Well when their whole argument boils down to "php sucks" and they back up their claims with a document that was invalid 12 years ago when it was written, they better have something to back up these criticism.


Perhaps you should engage with the claims rather than the person. As someone who doesn't frequently use PHP, the criticisms in the linked post from 2012 seem valid if the facts presented are true -- there's some pretty weird, and in a few cases, downright dangerous behavior presented there.

What is invalid, specifically, about that blog post?


Ah yes, the infamous 12-year-old fractal of bad design article which is almost entirely obsolete.


Nope, as someone who has coded modern PHP recently I would say it is mostly still relevant.

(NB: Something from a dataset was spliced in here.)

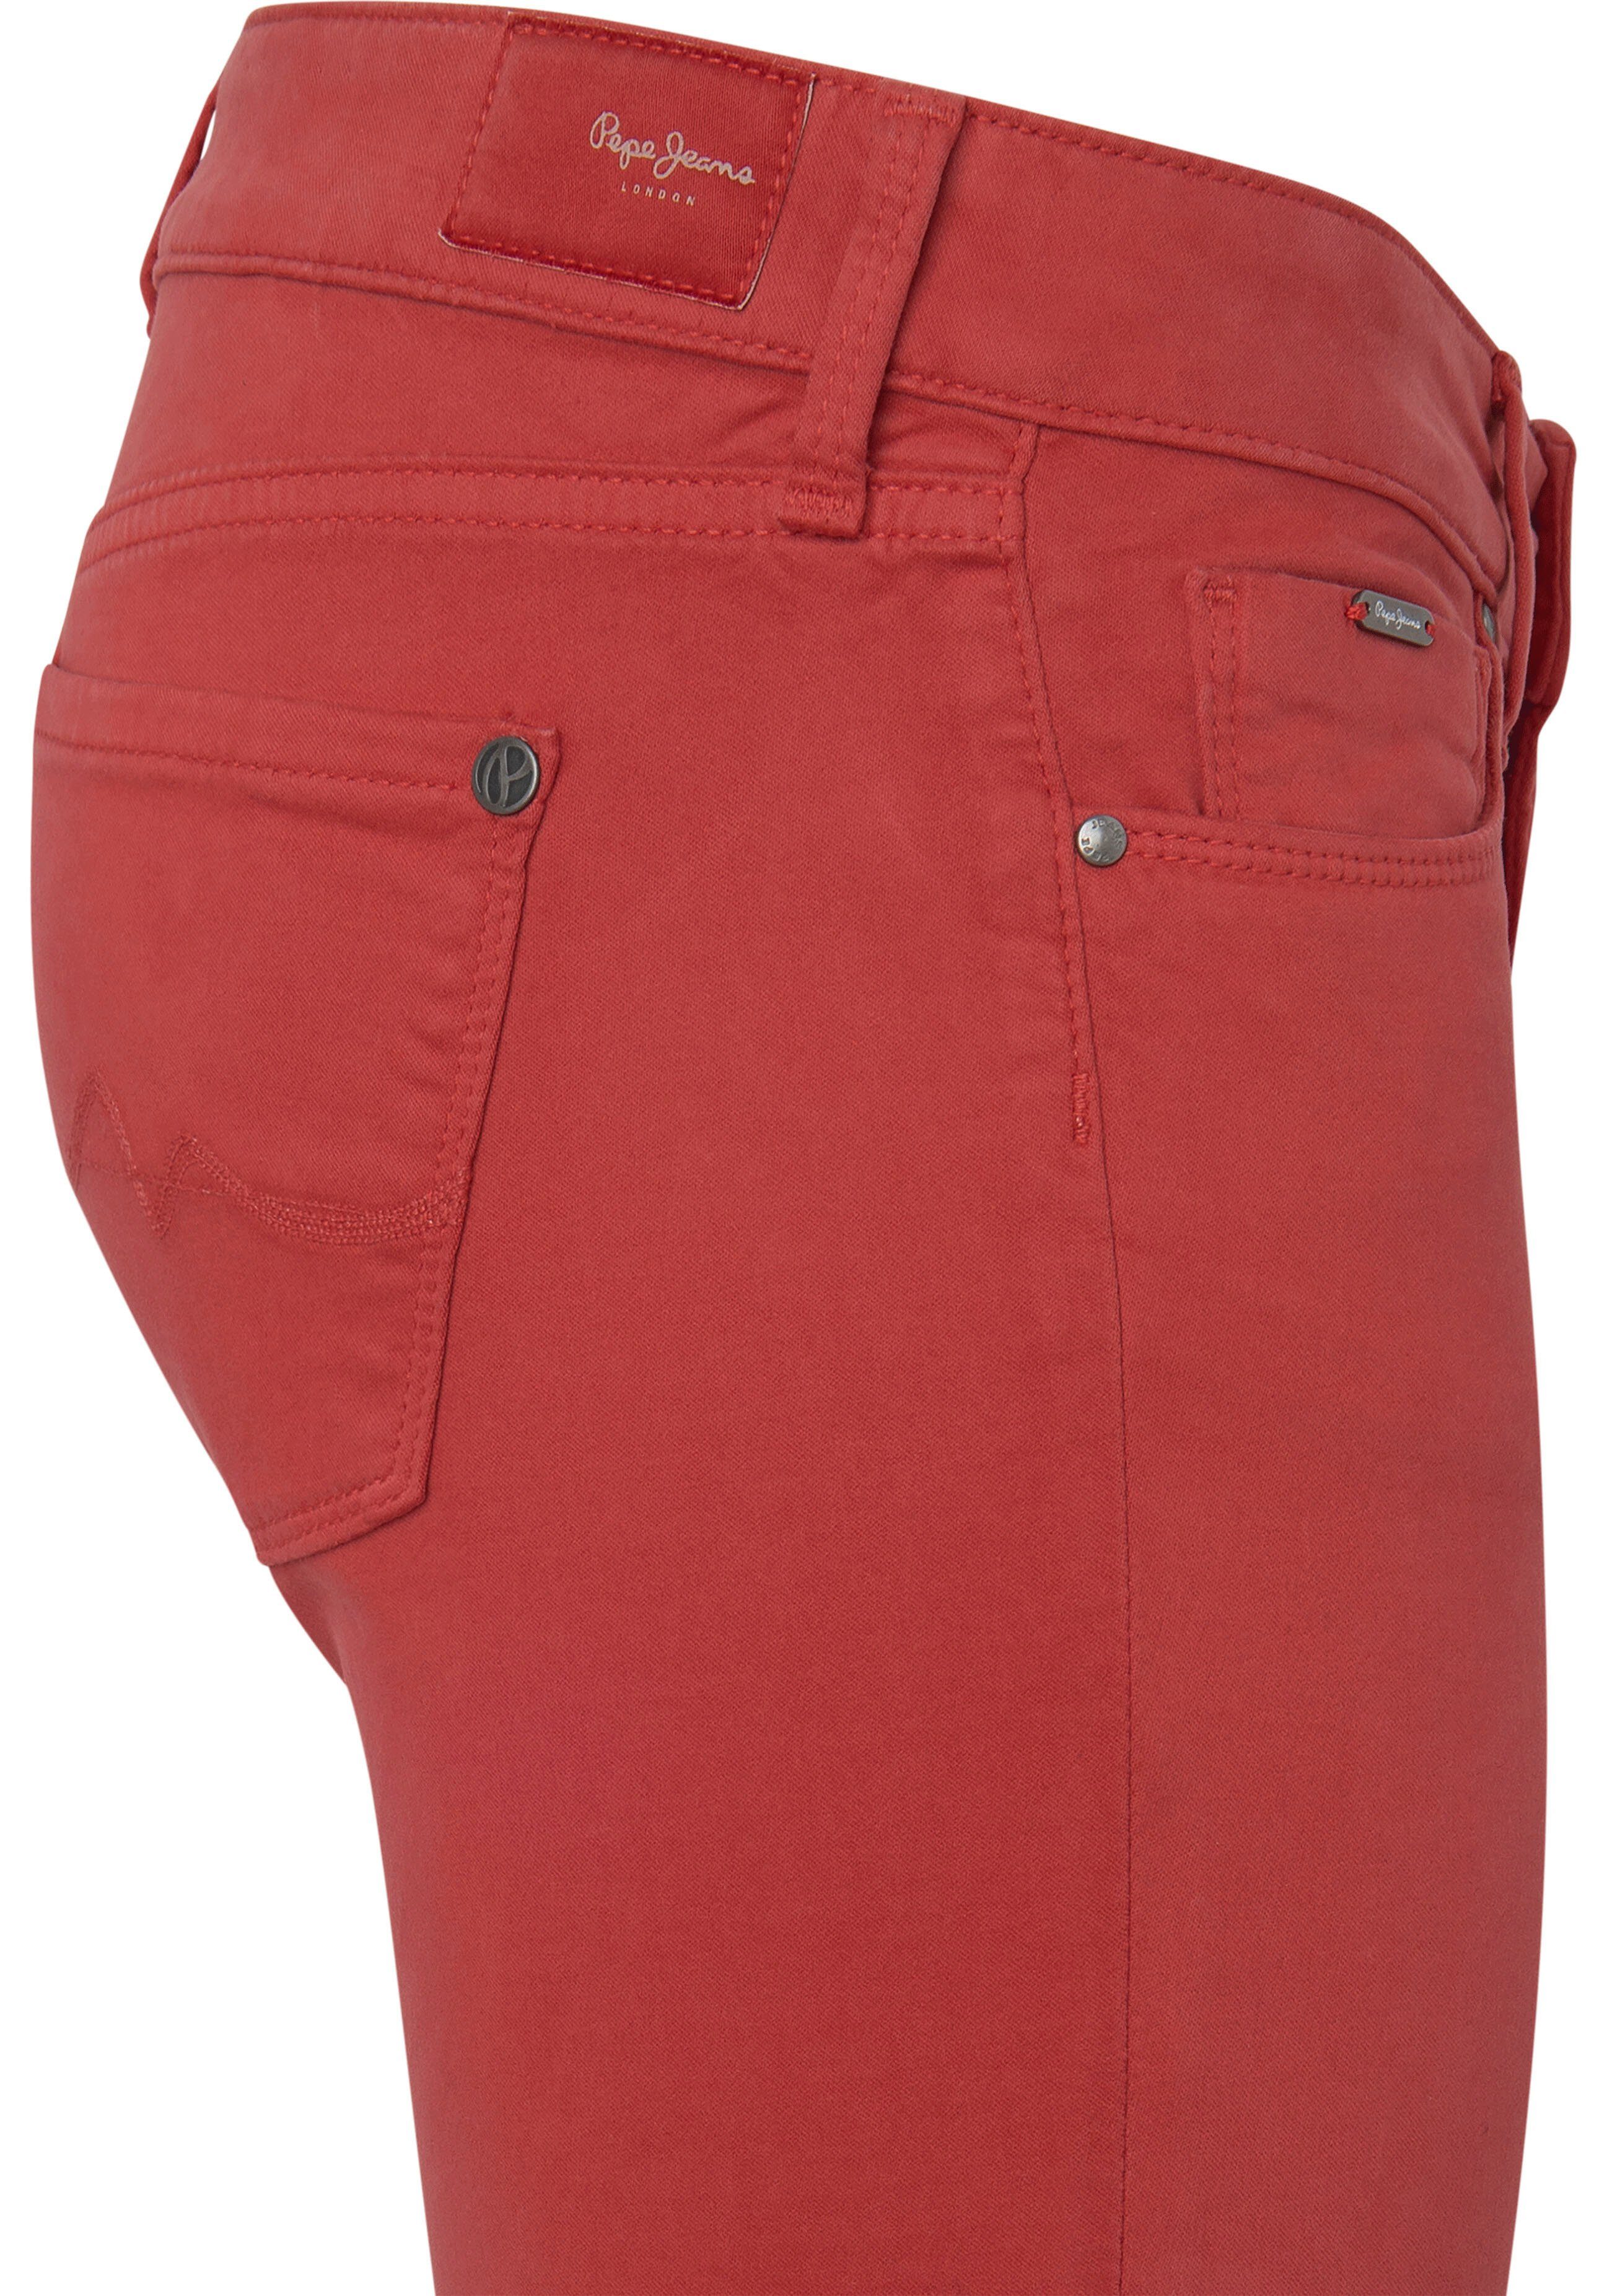 studio 5-Pocket-Hose Jeans Skinny red Soho Pepe

Some of the issues have been fixed but most remain.


It's amazing how many people's opinion of PHP is stuck in a time warp from 10-20 years ago. It's now a much better language than it was then. It's fascinating to see programmer snobbery in real time.


WPEngine has tons of developers working on the WordPress ecosystem. This contribution argument doesn't work with me. They're contributing plenty of hours into WordPress plugins that their competition also can use.


Is there a list of wordpres plugins WPEngine actively maintain ?


No they don't. They contribute 40 hours a week.


That's the amount of hours they contribute to the "Five for the Future" program which specifically refers to work on a subset of the WordPress project managed by Automattic. For example, WPEngine own and develop Advanced Custom Fields, a plugin used by hundreds of thousands of WordPress websites. The work they do on that isn't covered in the 40 hours. Likewise, WPEngine run the DE{CODE} conference but that isn't included in the 40 hours either.


> https://www.advancedcustomfields.com/blog/reflecting-on-two-...

Oh, I remember now. I was wondering why ACF didn't become part of the core.


Is there a list ?


> instead of contributing improvements

Yeah good luck with that. Something so deeply embedded in WordPress Core impossible to improve upon.